In November 2007, former Prime Minister Ehud Olmert declared that a “two states for two peoples” peace agreement with the Palestinians would require the explicit recognition of Israel as a Jewish state. The Palestinian response was immediate and unequivocal. Saeb Erekat, the Palestinian representative, summed it up: “Israel can define itself however it sees fit; and if it wishes to call itself a Jewish state, so be it. But the Palestinians will never acknowledge Israel’s Jewish identity.”
More recently, Benjamin Netanyahu, Israel’s newly elected Prime Minister, reportedly advised the newly appointed US Middle East envoy George Mitchell that Palestinian recognition of Israel as a Jewish state is a fundamental element for any talks between the two parties. And again the Palestinian response was a vociferous rejection.
Why does recognition of Israel as a Jewish state create such a furor among Palestinians? The answer to this question tells you all you have to know about the prospects for any peace negotiations.
The term “Jewish state” appeared as far back as 1947 when the UN General Assembly Resolution 181 of 1947 called for the creation of “Arab and Jewish states” in Mandatory Palestine. This was the resolution rejected by Arab states that instead attempted to militarily destroy the newborn Jewish state of Israel. The attacking nationalist Arab states characterized their unsuccessful efforts as a “jihad” against the Jews.
From the outset, the Muslim world has refused to formally recognize Israel, the ‘Zionist entity’, for the very reason that it was a Jewish state. It was one thing to tolerate a Lebanon where a carefully crafted balance of power between the Christian and Muslim communities was brokered after World War II based on a population census that has not been updated ever since. (A new census would, of course, reveal that the Muslims far outnumber the Marronite Christians. This is why it is now possible for Hezbollah to be on the way to forcibly creating the Islamic Republic of Lebanon.)
But to the Muslim Arabs It was another matter entirely to accept the establishment of a Jewish state (i.e., politically and culturally dominated by Jews). That is why despite having signed peace agreements with Israel, both Egypt and Jordan maintain a ‘cold’ peace. (Anwar Sadat, the Egyptian president who signed the peace agreement with Israel, paid with his life when Islamists assassinated him.) To this day, the most vitriolic anti-Semitic propaganda drenches the media of both Egypt and Jordan where the populace continues to harbor hatred of Israel and Jews.

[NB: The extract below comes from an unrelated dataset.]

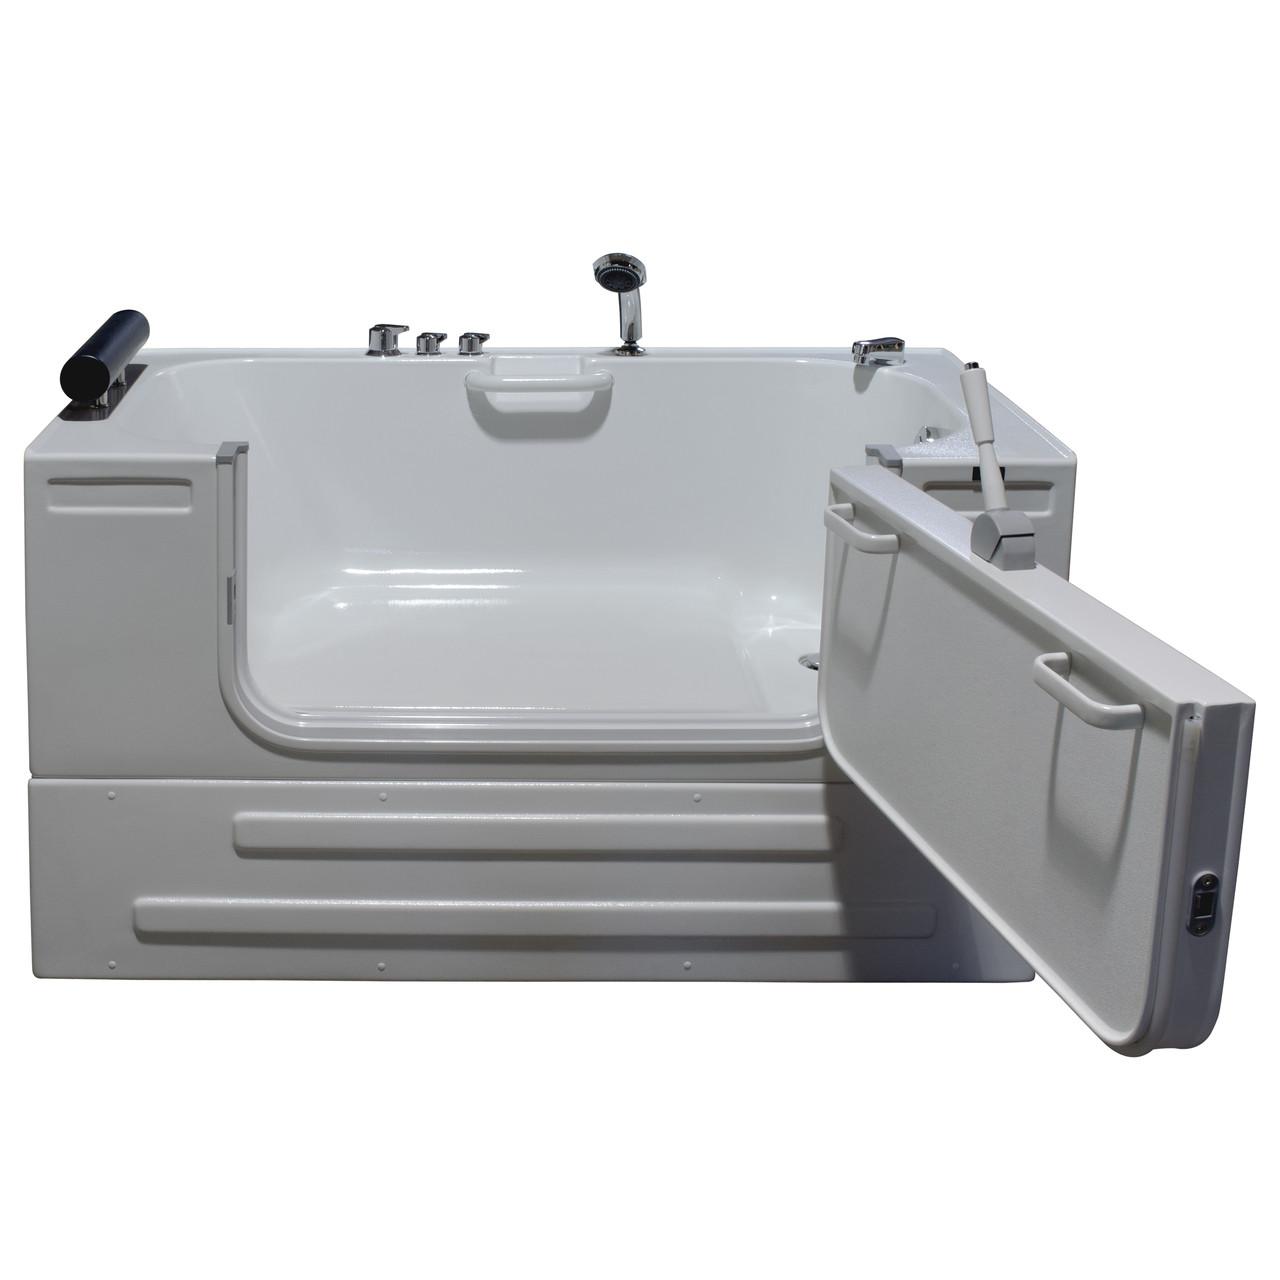 Homeward bath soaking sit in tub 3ft wide outward opening for Wide tub

It is only the hard fact of Israel’s military superiority combined with continuous infusions of American cash that guarantee Egyptian and Jordanian honoring of these peace treaties with Israel. If either of these factors were to materially change, it would not be surprising if the condition of the ‘peace’ would change too.

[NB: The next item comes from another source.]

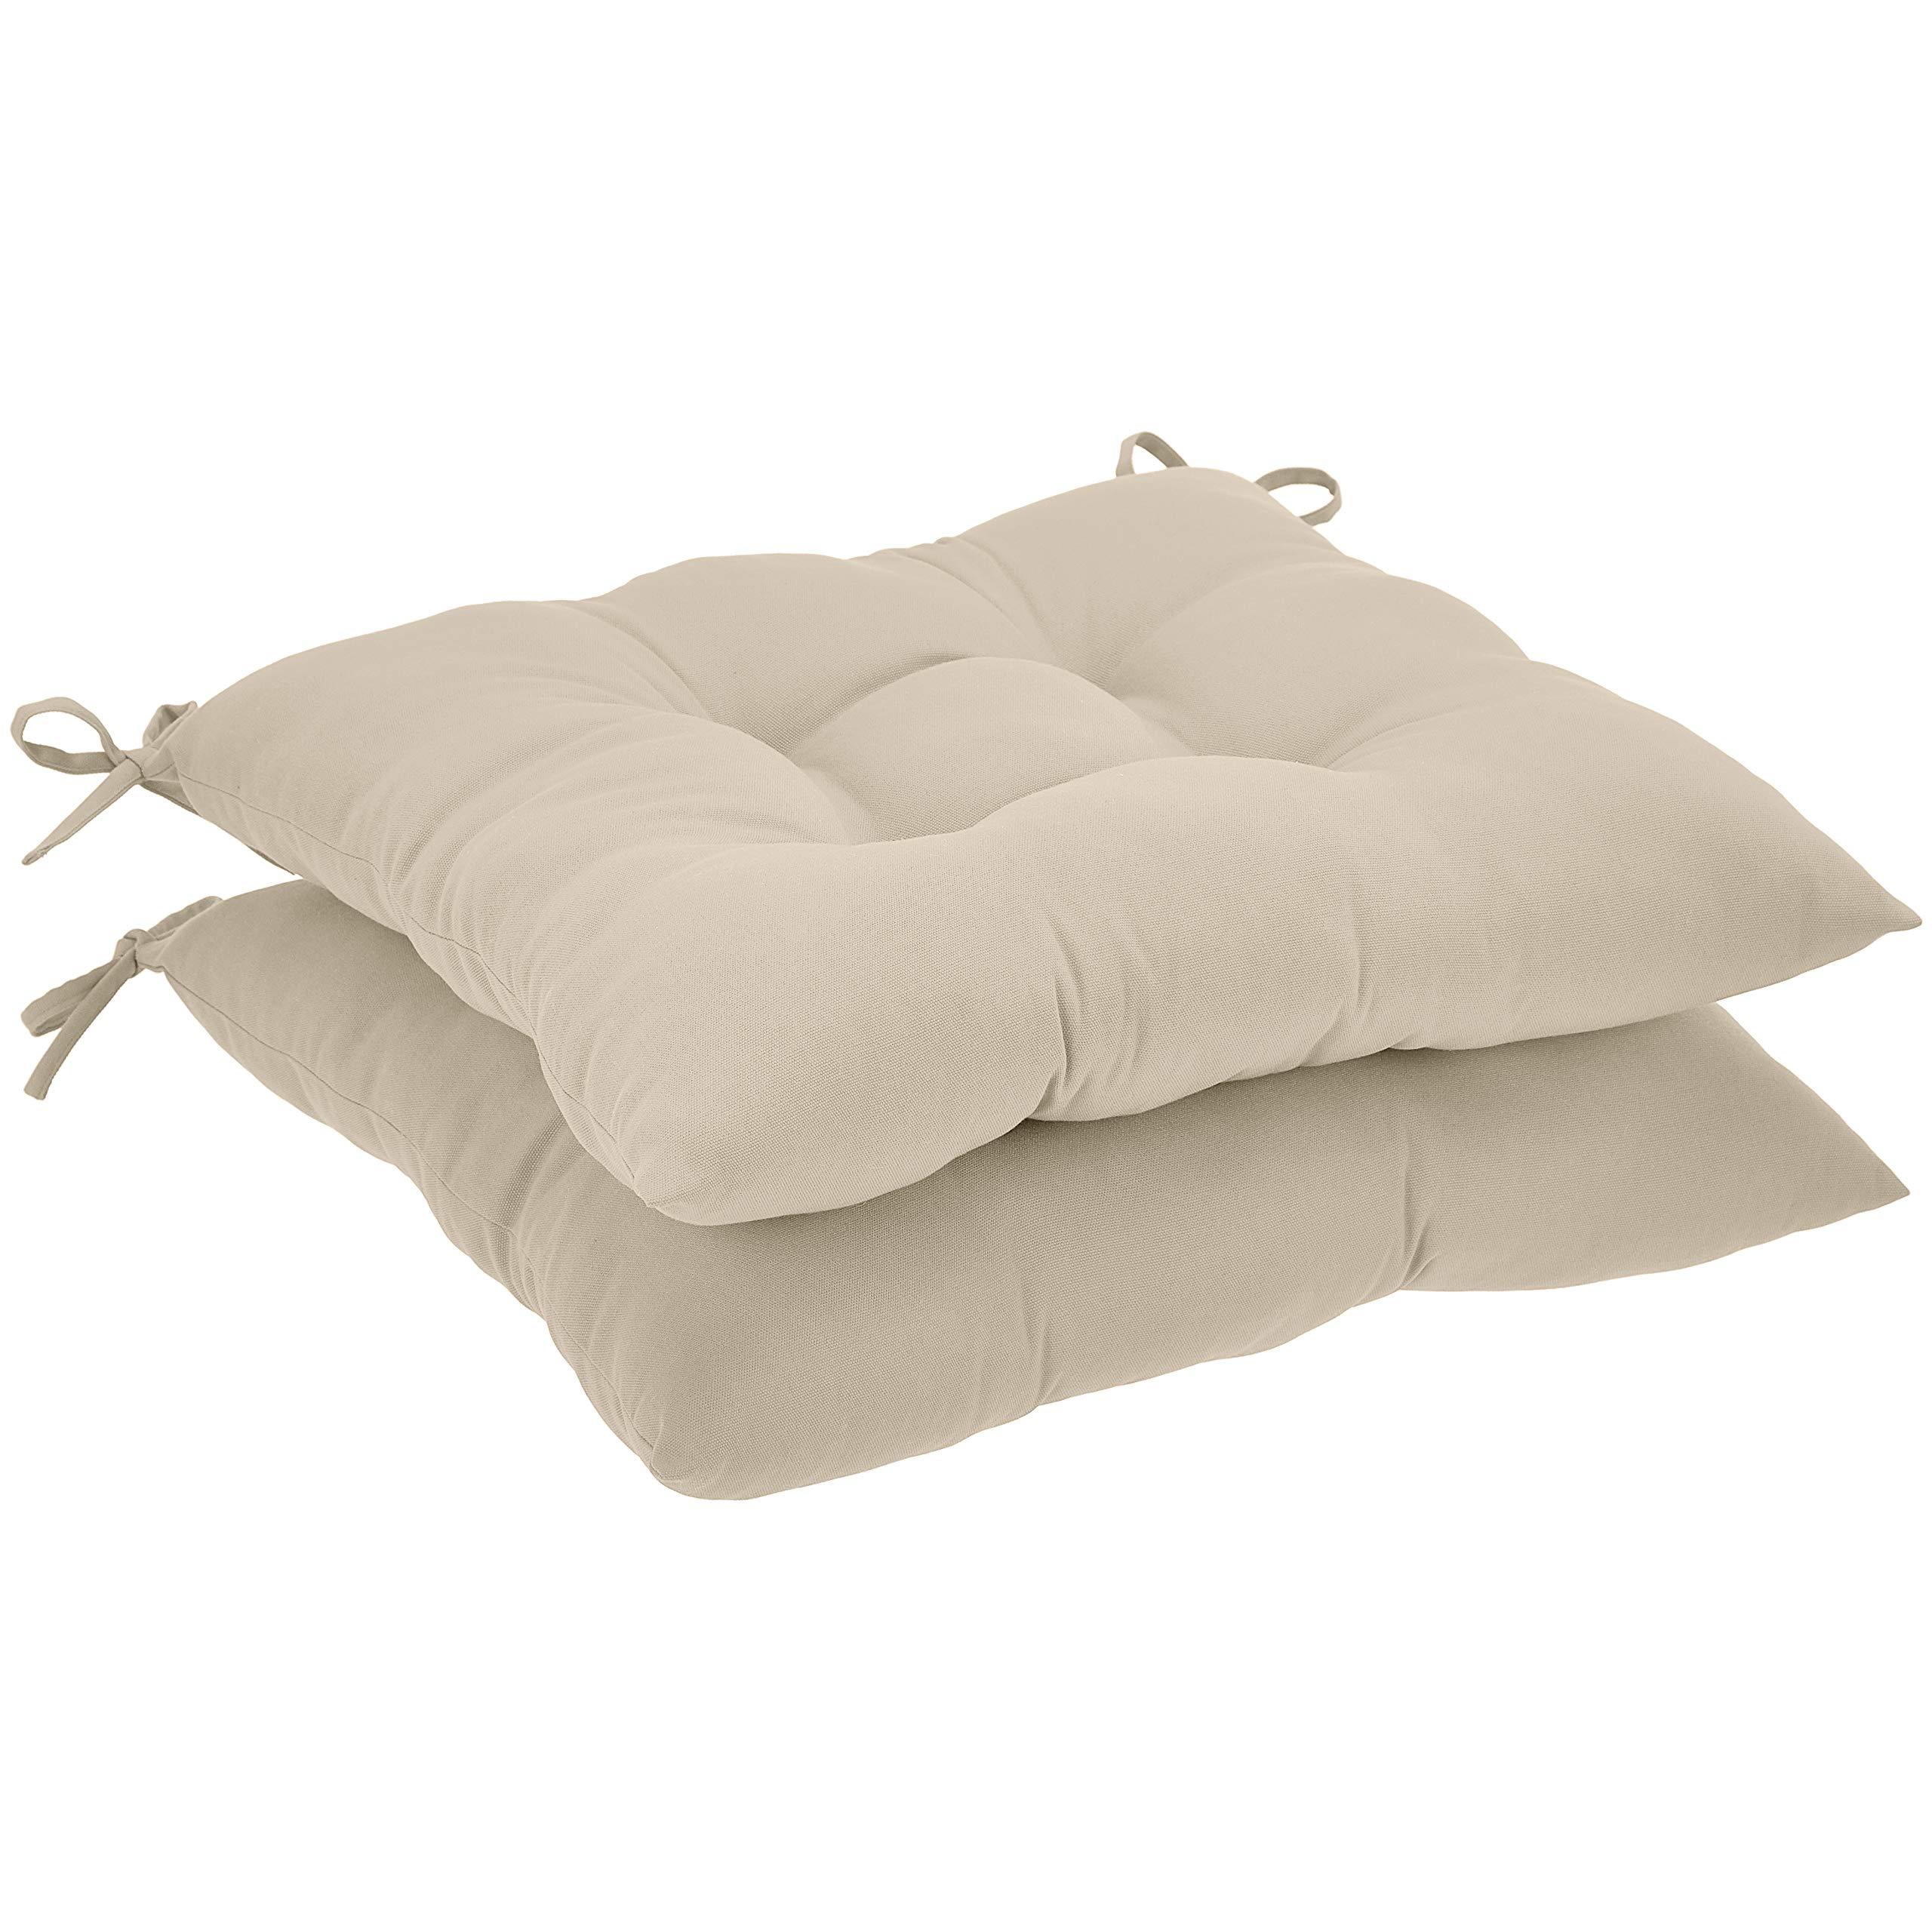 AmazonBasics Tufted Outdoor Square Seat Patio Cushion - Pack of 2, Khaki by AmazonBasics

Neither Egypt nor Jordan, however, had to contend with the knotty question of Palestinian refugees seeking their right to return to the homes in Israel vacated by their parents and grandparents during the tumultuous 1948 war against the fledgling Jewish state. This hot potato was given over to the Palestinian Liberation Organization, now operating under the banner of Palestinian Authority (PA). After all, the existence of a Jewish dominant state is something that the Palestinian would have to live with far more intimately than did the surrounding Arab states.
And this then is the heart of the matter. If there is one thing that Israeli Jews across the entire political spectrum agree on it is that for peace to be possible there can be no significant Palestinian ‘right of return’ to Israel proper. (Purportedly there are 4 to 5 million Palestinians today, counting those in Gaza and the West Bank, as well as the descendants of Palestinians who fled to neighboring Arab states in 1948 – but not counting the more than 1.4 million Israeli Arabs!)

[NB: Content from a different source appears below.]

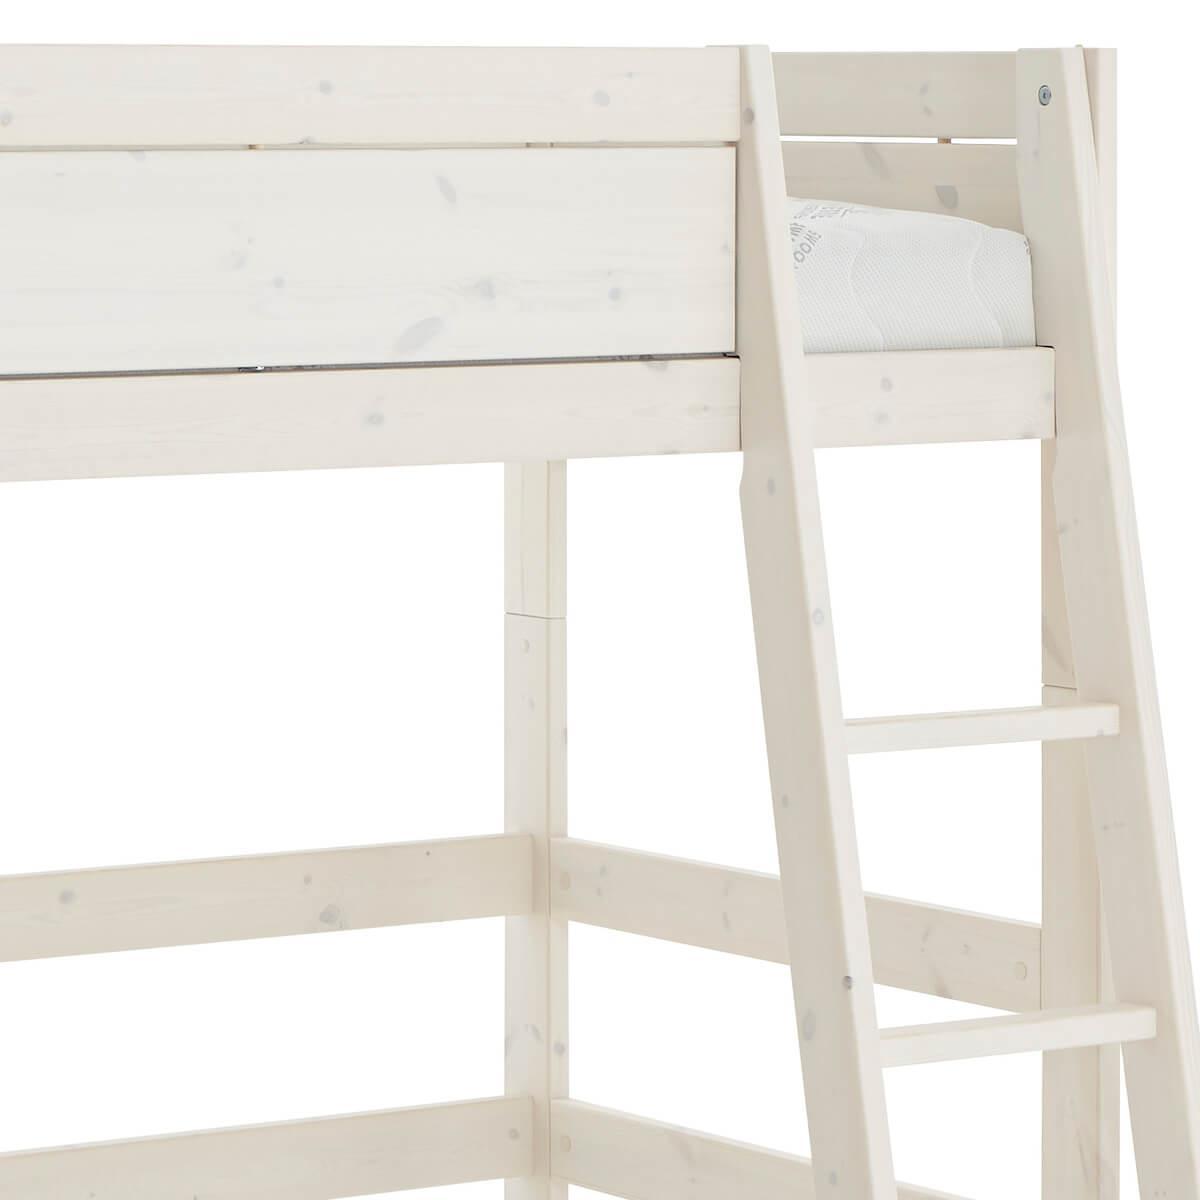 Cama semi alta 90x200cm escalera inclinada Lifetime blanqueado

Israel cannot agree to such a ‘right of return’ for the simple reason that to do so would ineluctably lead to Palestinians swamping the Jews demographically and becoming the dominant culture (i.e., Islamic) much in the way that is now happening in Lebanon.
In short it would mean the death of the Jewish State of Israel.
This is precisely why the ‘right of return’ is so important to the Palestinians (and their supporters), as enunciated by the refusal to recognize Israel as a Jewish state.
The difference between recognizing the State of Israel and recognizing the Jewish State of Israel is the difference between a false peace and a true one. By recognizing Israel as a Jewish state, the Palestinians would in effect renounce all claims to any part of Israel as defined within the borders that are ultimately agreed upon. This is the very essence of any peace agreement.
When the Palestinians reject out of hand the idea of recognizing Israel as a Jewish state, it is a sure sign that they cynically view any peace agreement as the next step on the way to ultimately retaking ‘Palestine’ from the Jews through a demographic process that will end up making the Jews an ever shrinking (surviving?) minority.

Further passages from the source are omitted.